Posted on April 5, 2016

Beef with Peas and Harissa

My Recipes

This hearty recipe is the perfect comfort food.  Serve it with crusty rustic bread and harissa.

Beef and Peas 2 - Copy

Yield: 8 – 10


2 cups white wine

2 lbs beef chuck (stew meat), cut into 1 1/2 inch cubes

4 carrots, peeled and chopped

1 onion, chopped

1 Tbsp Herbes de Provence

4 Tbsp of tomato paste

1 teaspoon plus 1/4 cup of Harissa for serving (preferably Le Phare du Cap Bon from Tunisia)

2 cups of beef broth

4 lbs fresh or frozen peas

Salt and pepper

Flour for dredging

Olive oil for browning


Season the meat heavily with salt and pepper then lightly dust the beef all over with flour. Place 2 or 3 tablespoons of oil in a large, heavy pot and set over medium heat.  Making sure the oil in the pan is hot, place the meat into the pot in batches and sear about 3 or 4 minutes per side until very well browned.  Don’t overcrowd. Transfer beef to another plate.  Repeat with the next batch of beef and add more oil if necessary.  Once meat has finished cooking, lower the heat of the pot to medium-low and add all the vegetables and herbs to the same pot and cook for about 10-15 minutes. Stir in tomato paste and 1 tsp of the harissa and continue to cook for another minute.

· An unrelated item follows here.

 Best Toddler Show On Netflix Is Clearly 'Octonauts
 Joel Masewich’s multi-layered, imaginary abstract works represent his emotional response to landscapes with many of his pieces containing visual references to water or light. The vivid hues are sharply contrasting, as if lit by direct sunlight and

Add the wine and bring to a boil.  Cook for a few minutes to reduce.  Bring down the heat to low and add the broth.  Slowly add beef to the pot, cover, and simmer for 2 1/2 hours.  Add the peas and cook for an additional hour.  [Note: Some people prefer peas that are al dente and cooked far less.  This I leave up to you.]  Remove from heat and taste for seasoning.  Serve with extra harissa on the side and rustic bread.